かなめもアメリアも、なぜか茶化さなかった。
「なに?新人さんも私と新さんの関係を知りたいの?新さんならそんな人の過去にこだわる顔はしないわよ……こんなことが言える関係……そこまで言って分からないなら誠君には永遠に分からないかもね……」
そう言って春子は、笑うだけで相手との距離を一歩詰めたように見せる女だった。
声を張っているわけではない。肌を見せているわけでもない。
それなのに、箸を置く指先、客の目を見る間、軽く首を傾ける角度だけで、場の主導権を握ってしまう。
「じゃあ、誠君にはヒントになるかもしれないけど……この店はそれまでは吉原の風俗街のそっち系の女の子相手のお店だったんだけど……今は客層も変わってほぼ百パーセント『特殊な部隊』の人達のおかげで店は成り立ってるのよね。その点では新さんには感謝しなきゃね……まあ、前の店の女の子の間でも新さんは有名みたいだったけど……何で有名だったかは新人さんには刺激が強すぎるかもしれないわね」
妖艶な笑顔を浮かべる春子に目が行く誠をアメリアとかなめが両脇からどついた。誠は吉原近くの朝草の生まれだったので、春子の言葉にどこか身構えながら、あの見るからに『駄目人間』な嵯峨ならそんなところに年中通っていても不思議はないとなぜか納得していた。
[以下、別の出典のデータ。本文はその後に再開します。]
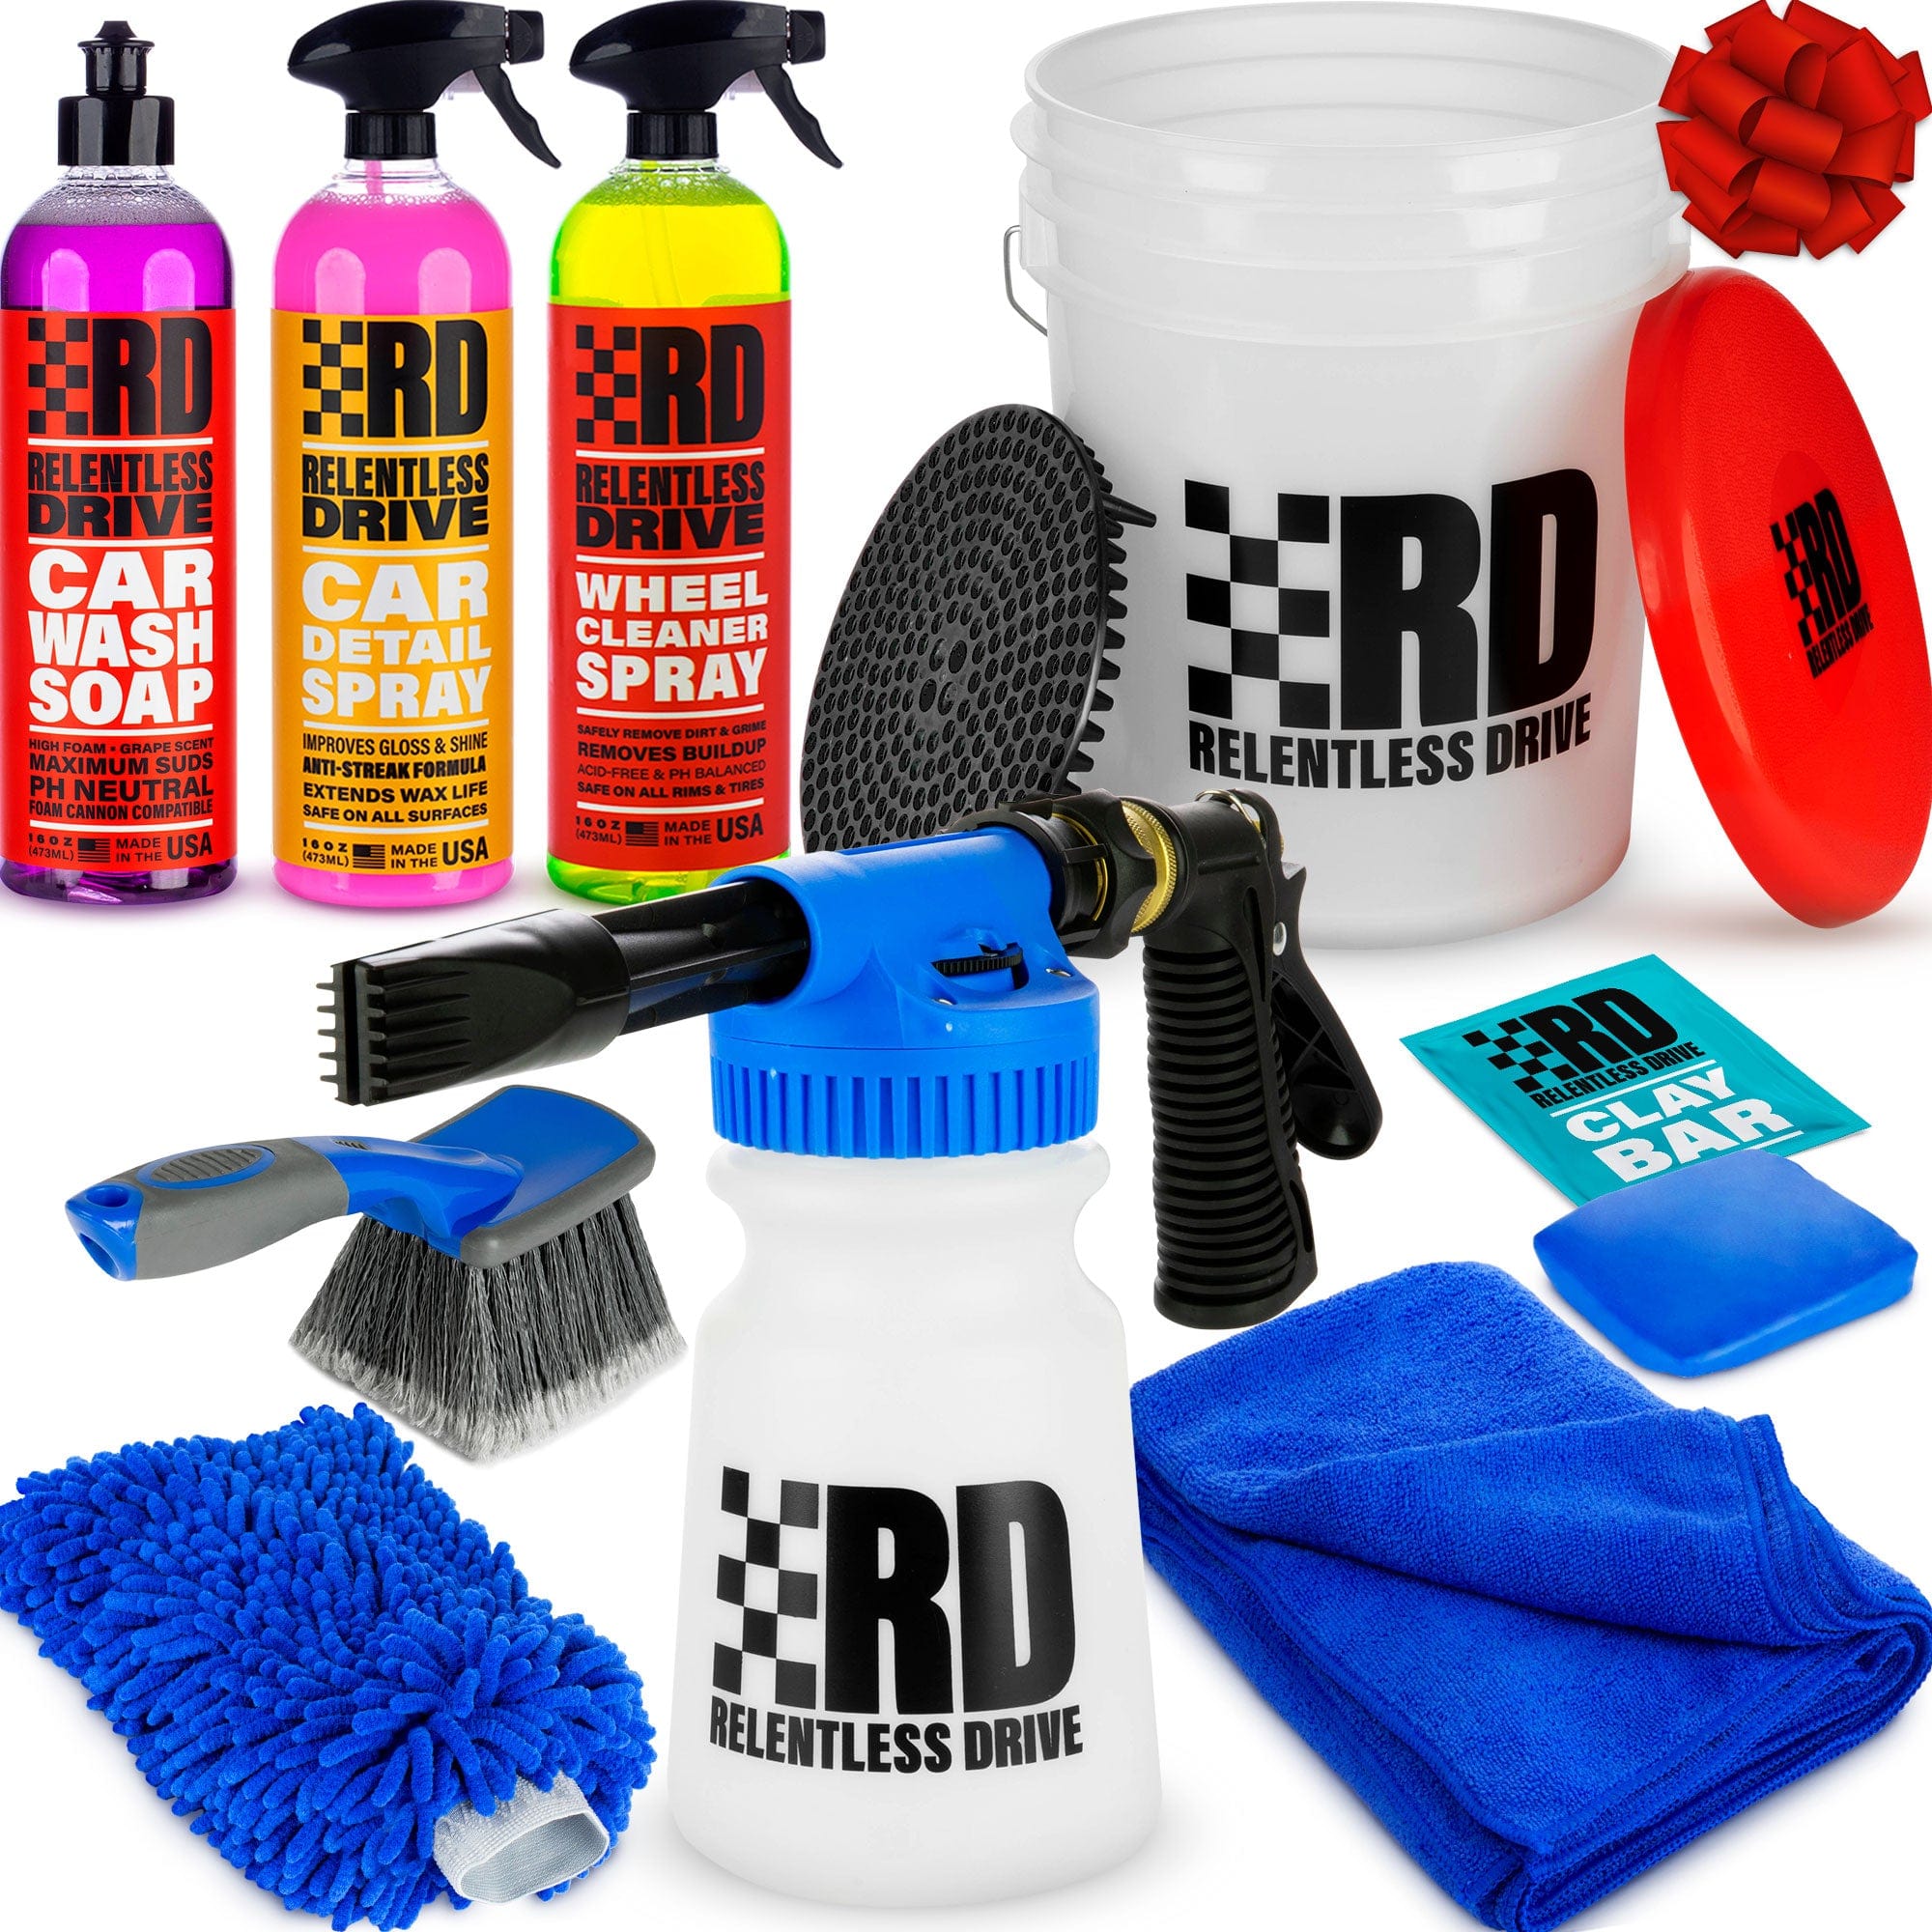 Relentless Drive Deluxe Car Wash Kit - Car Cleaning Kit with Car Wash Foam  Gun & 5 Gallon Car Wash Bucket - Complete Car Detailing Kit Comes for a

誠は、春子と店の奥で洗い物をしている小夏を交互に見た。
この店は、ただ隊員が酒を飲む場所ではない。
騒がしくて、危なっかしくて、どこか壊れている『特殊な部隊』を、外側から受け止めている場所なのだ。
そう思うと、月島屋の灯が少しだけ違って見えた。
かなめは微かに目を細めた。
春子の肩や手の筋、客との距離の取り方に、過去の仕事の名残を見たのだろう。
言葉にしないが、察している。
その空気が二人の間に流れた。
そして二人の間に流れる不穏な雰囲気に嫉妬したかなめの一撃が誠のみぞおちを直撃した。
「ゲフ」
誠のうめき声を全く聞いていないカウラは店の奥に書かれたメニューを眺めている。
そのどこまでも自然体でいられる雰囲気に誠はいつの間にか馴染んでいる自分を感じていた。